# Task prompt
The answer must be the full data, restated word for word, with no pictures in it.

[[ Raw data open ]]

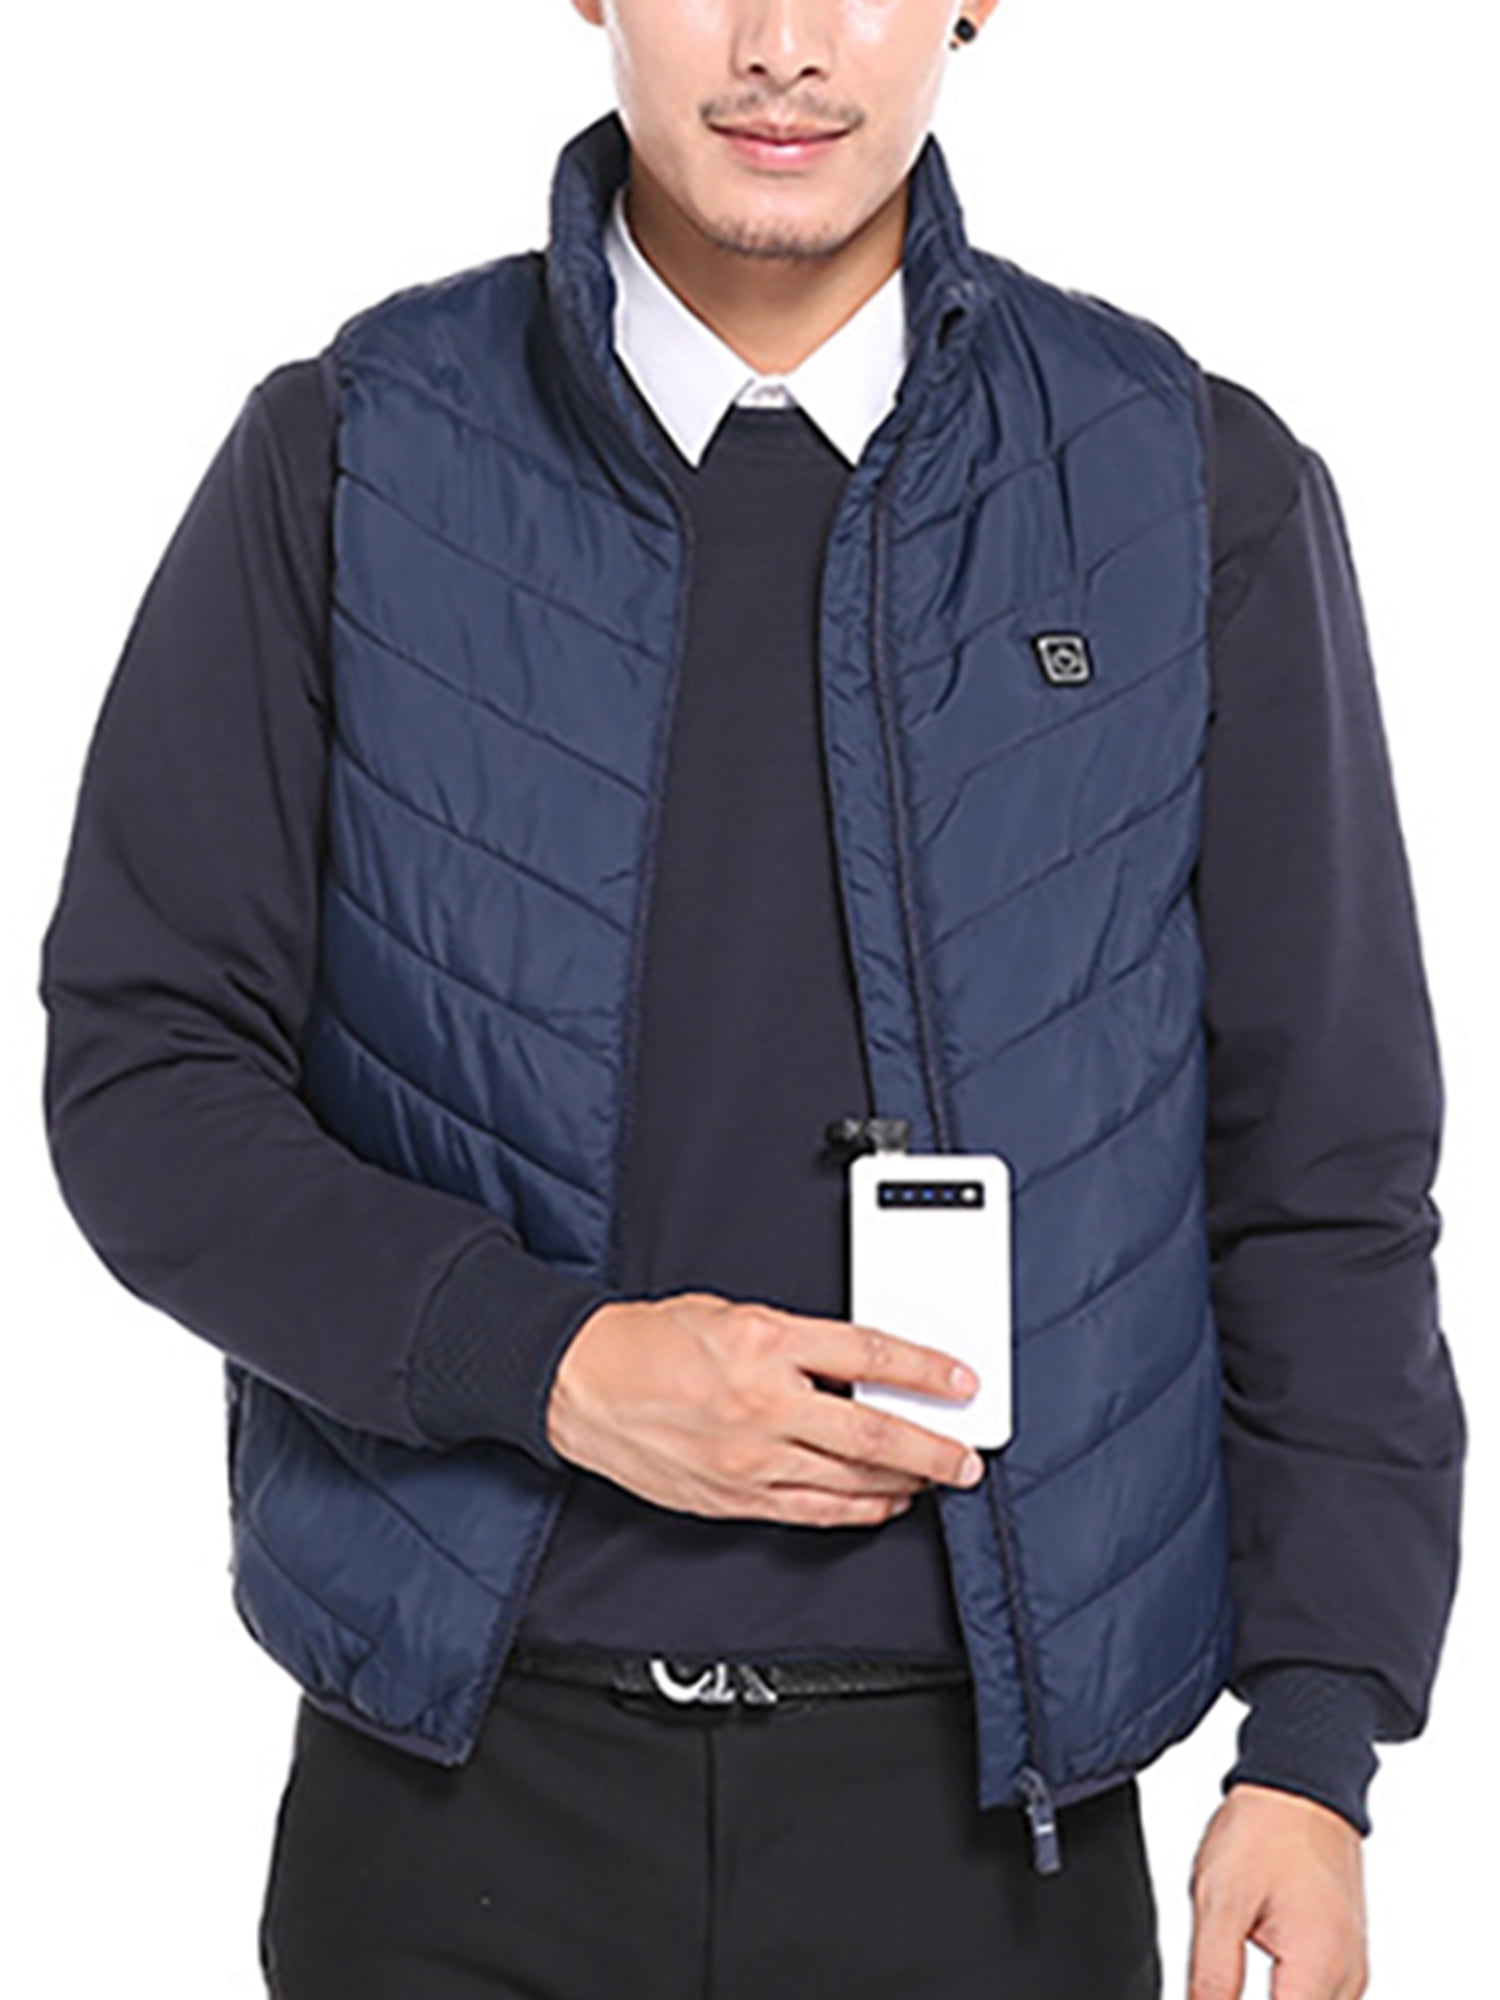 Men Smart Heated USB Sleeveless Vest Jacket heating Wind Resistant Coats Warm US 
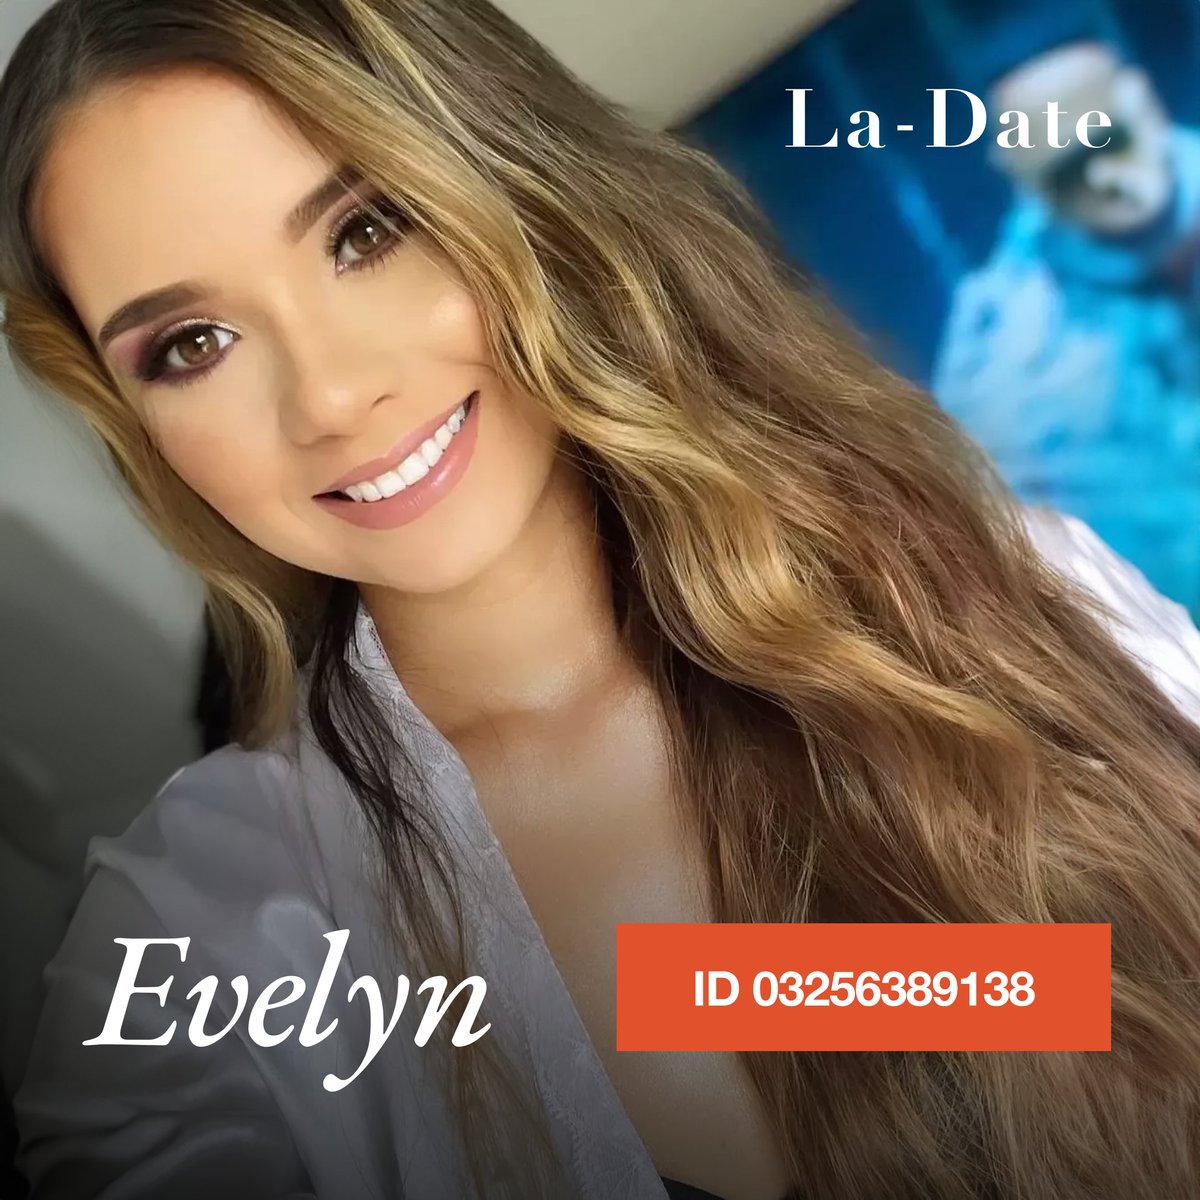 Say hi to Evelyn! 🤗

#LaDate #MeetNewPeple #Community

[[ Raw data closed ]]

# Response for this exercise
 Men Smart Heated USB Sleeveless Vest Jacket heating Wind Resistant Coats Warm US 
 Say hi to Evelyn! 🤗

#LaDate #MeetNewPeple #Community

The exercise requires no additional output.